CrossFit has been on my periphery since the beginning of the year when a Groupon came out. A close friend and coworker has been at it for a couple of months and my boyfriend has been a devotee for about a year. Both have suggested that I would love it due to its team-like atmosphere and its focus on functional training. I have been wary to try it for two reasons: a) it is EXPENSIVE and b) it comes with a devotion to the paleo diet, which bars some of the best things in life, including cheese.
Why I bit the bullet
I am a fit person. I work out daily, including running a couple of miles and plenty of resistance training. I consider myself to be in better shape than most. Flash back to last month when I took my boyfriend on his first backpacking trip. The morning after our longest, most challenging hike, I gleefully asked how he felt, expecting him to moan about all the pain he was in. But no, he was pain-free, while I could feel the 10 miles over rocky terrain in my hamstrings and ass.

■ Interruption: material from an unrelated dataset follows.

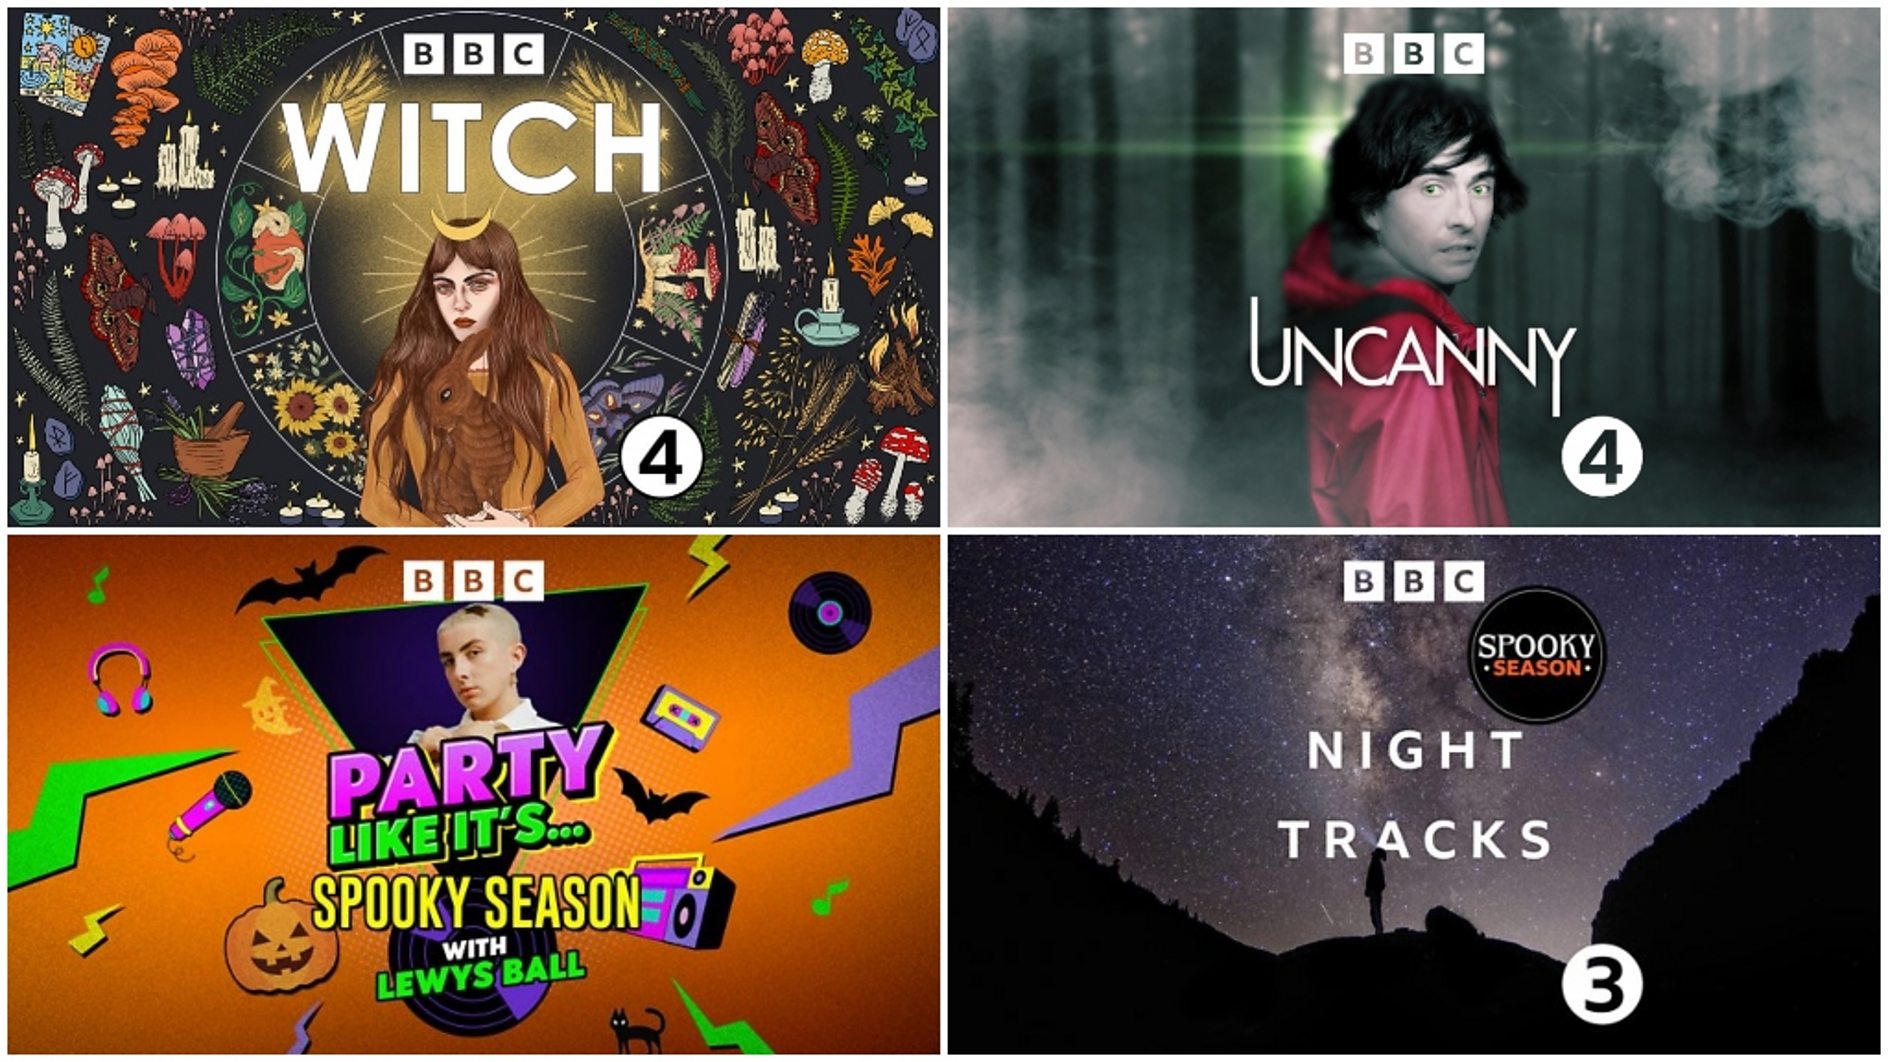 BBC Sounds spooky Halloween podcasts and party playlists

As we hiked the second day, I decided that I was going to try CrossFit because it seemed perfect for keeping me in shape for my favorite hobby.
Cost
CrossFit is almost prohibitively expensive. Scratch that, it is prohibitively expensive. While you can join a gym for as little as $19/month, CrossFit costs at least $100/month. My gym is $150/month. Yeah. I know. For someone as frugal as me, making the decision to fork over that much was painful. But I said I’d commit to three months and negotiated a cheaper rate if I would pay all three months up-front.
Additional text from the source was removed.